» **What is expected**: No picture should appear in the copy. Transcribe exactly, and only, the lines from the one with "Moth beans (Vigna aconitifolia) Stock Photo" through the last line of the data below.

» **Source data**:
----------------
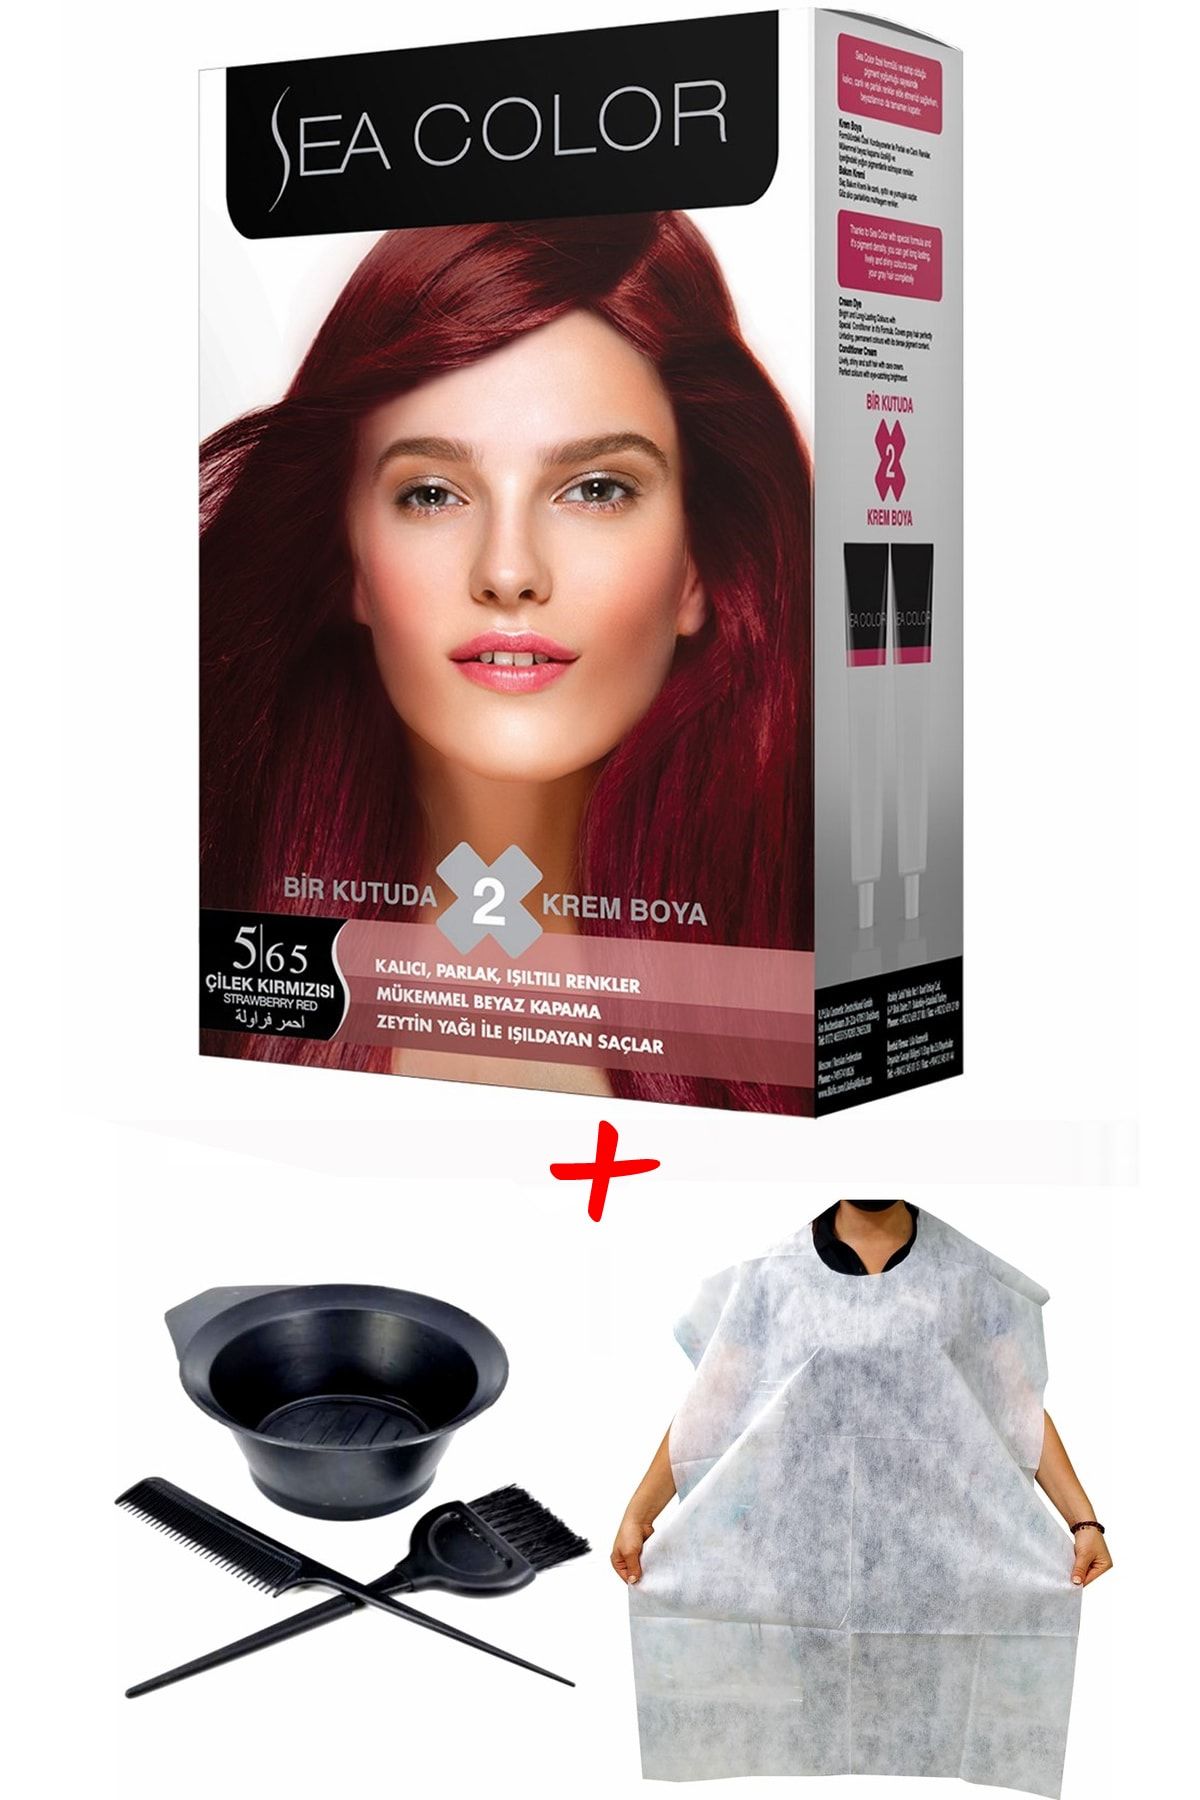 Sea Color Krem Saç Boyası 5.65 Çilek Kırmızısı 2 Tüplü Set + Boyama Seti + Boyama Önlüğü
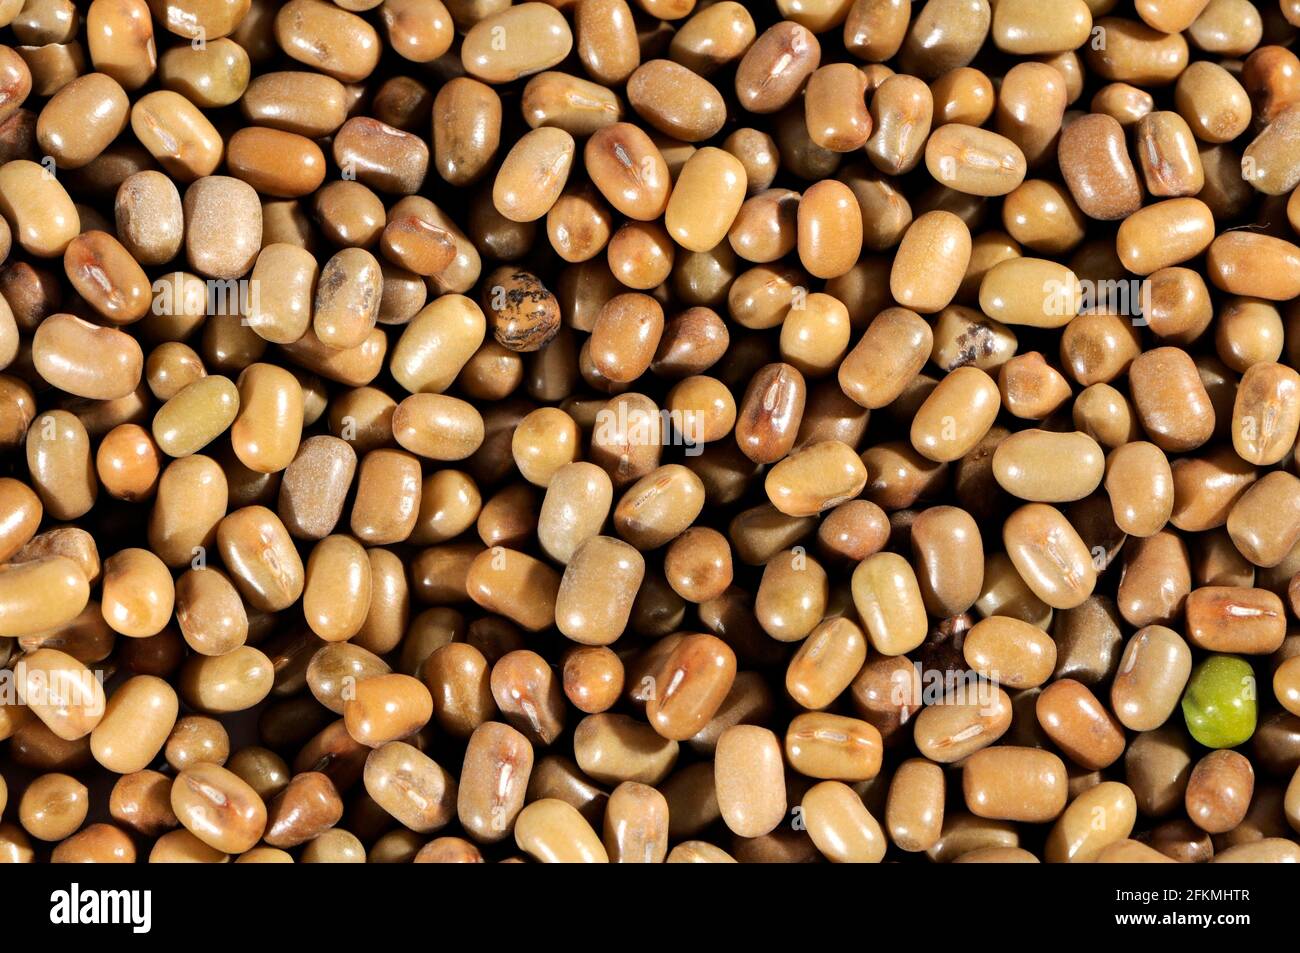 Moth beans (Vigna aconitifolia) Stock Photo
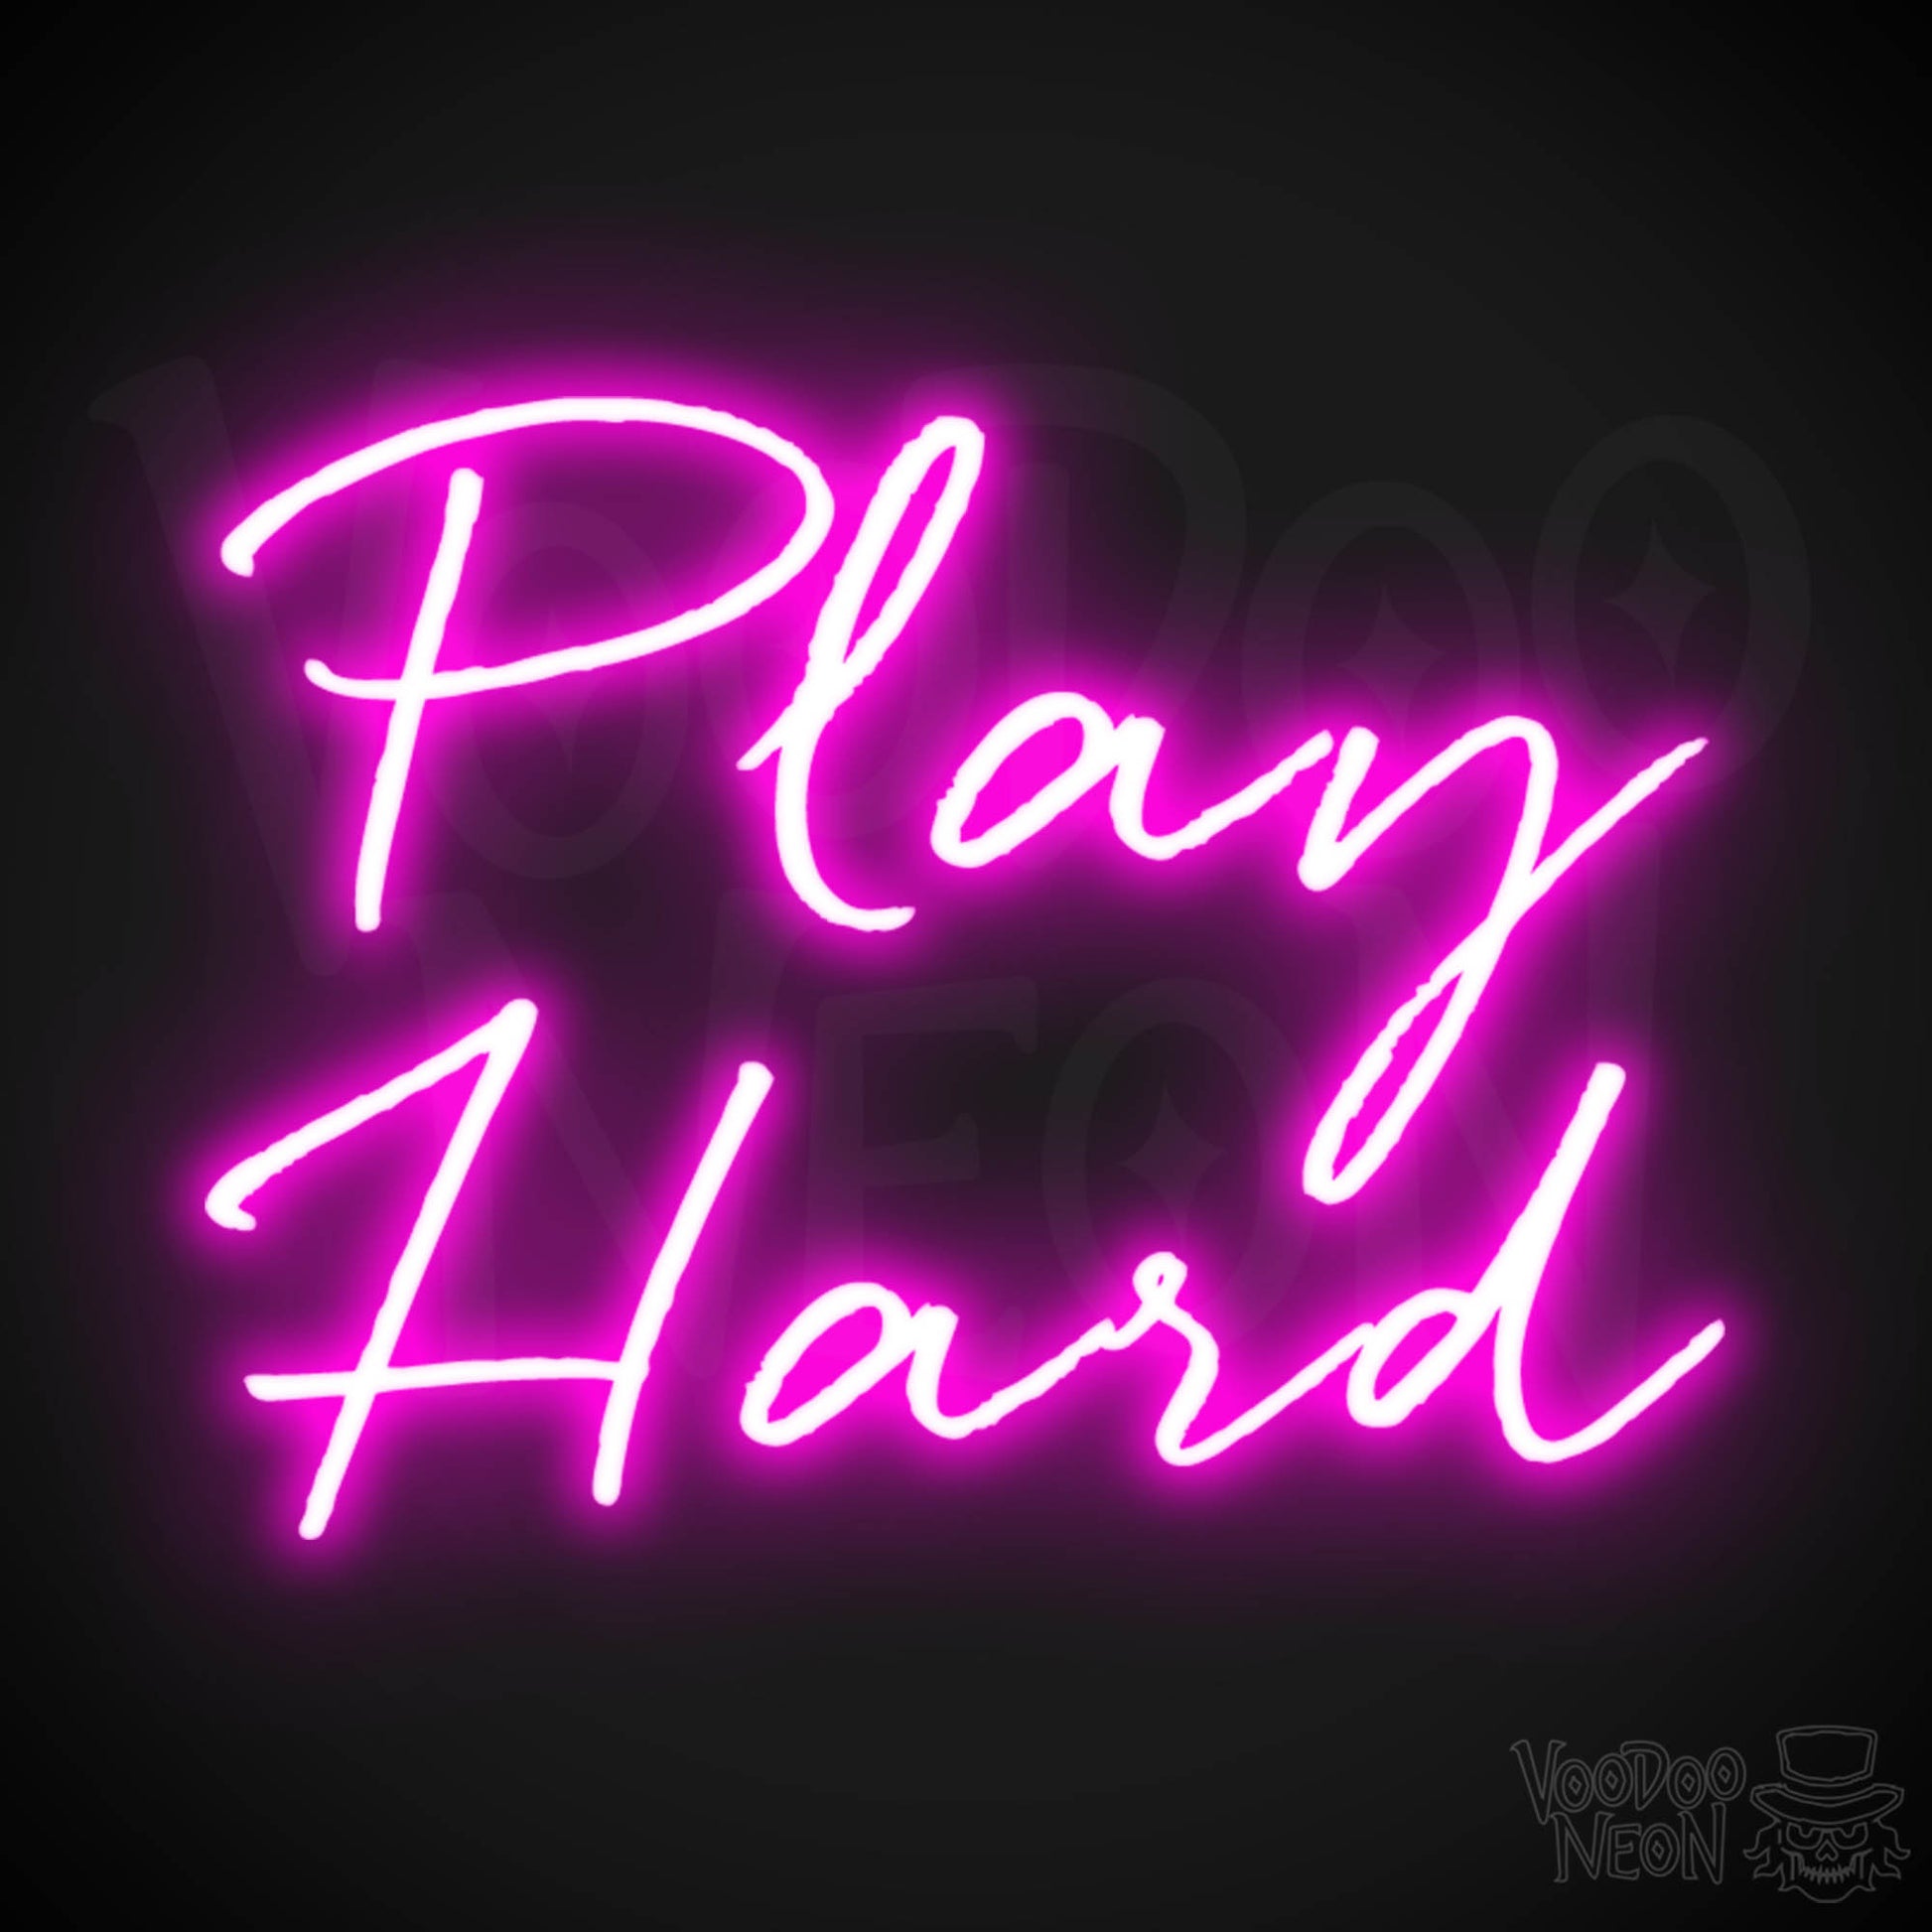 Play Hard Neon Sign - Neon Play Hard Sign - Play Hard LED Sign - Color Pink
----------------
» **Problem solution**:
 Moth beans (Vigna aconitifolia) Stock Photo
 Play Hard Neon Sign - Neon Play Hard Sign - Play Hard LED Sign - Color Pink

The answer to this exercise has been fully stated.